Der Weg des Feuers in die Welt

(c) Birgit Hupfeld / Theater Dortmund

Nach einem kurzen Blick in die düstere Zukunft des Fahrenheit 451 hebt sich die Bühne und gibt den Blick frei auf die sterile Atmosphäre der Wohnung von Familie Biedermann. Eine Farbe irgendwo zwischen Türkis und Blass-Mintgrün dominiert die nahezu monochrome Bühne. Ekkehard Freye, Alexandra Sinelnikova und Frauke Becker beginnen den Tag. Mit roboterhaften Bewegungen bewegen sie sich durch die Wohnung. Sie waschen sich und ziehen sich um. Kein Wort wird gesprochen, keine Blicke ausgetauscht. Kein Zeichen von Emotion. Nur beim Frühstück gibt es einen kurzen, wilden Ausbruch von Emotion. Aber auch ohne Interaktion. Der Zuschauer leidet beim Anblick der Familie und sehnt einen Ausbruch aus der sprachlosen Routine herbei, als nach zwanzig Minuten der erste (banale) Satz das Schweigen bricht, die öde Spannung aber leider nicht auflöst.

Das passiert erst mit dem Auftritt von Josef Schmitz, dem Hausierer, der Herrn Biedermann Honig ums Maul schmiert und sich so in die Familie einschleicht. Obwohl in den Zeitungen vor einem brandstiftenden Hausierer gewarnt wird, bekommt er ein Bett auf dem Dachboden. Er verbringt dort einige Tage und wirbelt dabei den Alltag der Familie gehörig durcheinander. Seine schwarze Kleidung ist der einzige “Farbfleck” im ansonsten monotonen Grün. Nach und nach erkennt Babette Biedermann die Gefahr, die von dem durch Björn Gabriel hervorragend verschmitzt gespielten Hausgast ausgeht. Doch ihr Mann ist nicht mehr in der Lage, sich gegen Biedermann zu wenden und so wird das Feuer in einer einfachen aber verstörenden Szene Teil der Familie.

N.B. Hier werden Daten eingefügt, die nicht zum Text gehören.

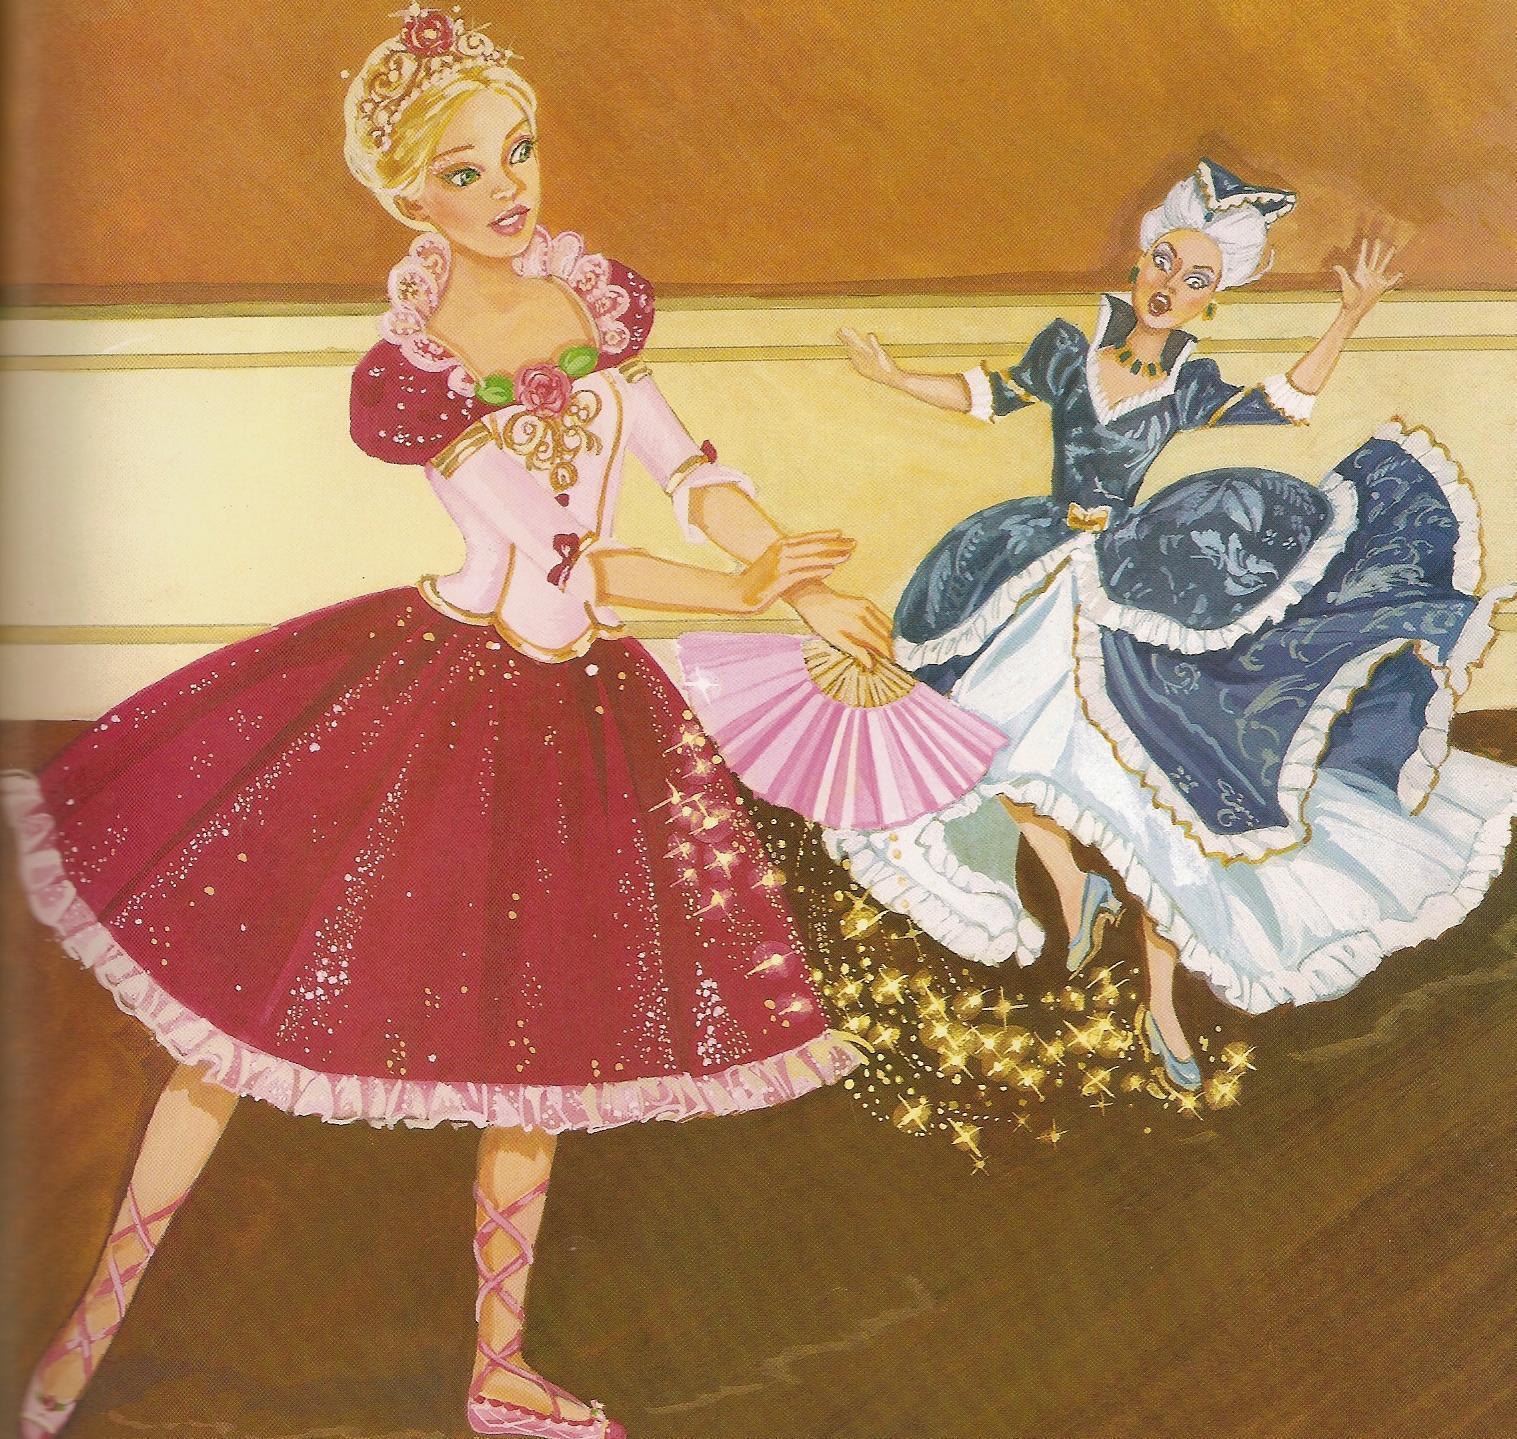 Image 12 dancing princesses barbie in the 12 dancing princesses 13794977 1517 - Barbie and the 12 princesses ...

Biedermann und die Brandstifter wird in dieser Inszenierung zu einer brillanten Metapher für das Eindringen von Brandstiftern in das verklemmte, routinierte und unreflektierte Leben. Es zeigt, wie ein wenig Anerkennung Menschen dazu bringen kann, jedes ungute Gefühl in den Wind zu schlagen und sehenden Auges in das Feuer zu gehen. Dabei schafft es Kämmerer, dass der Zuschauer sich teilweise sogar aufseiten des Brandstifters sieht, weil der gezeigte Status quo so unerträglich ist. Gleichzeitig ist auch klar: Besser wird es auf diese Weise auch nicht.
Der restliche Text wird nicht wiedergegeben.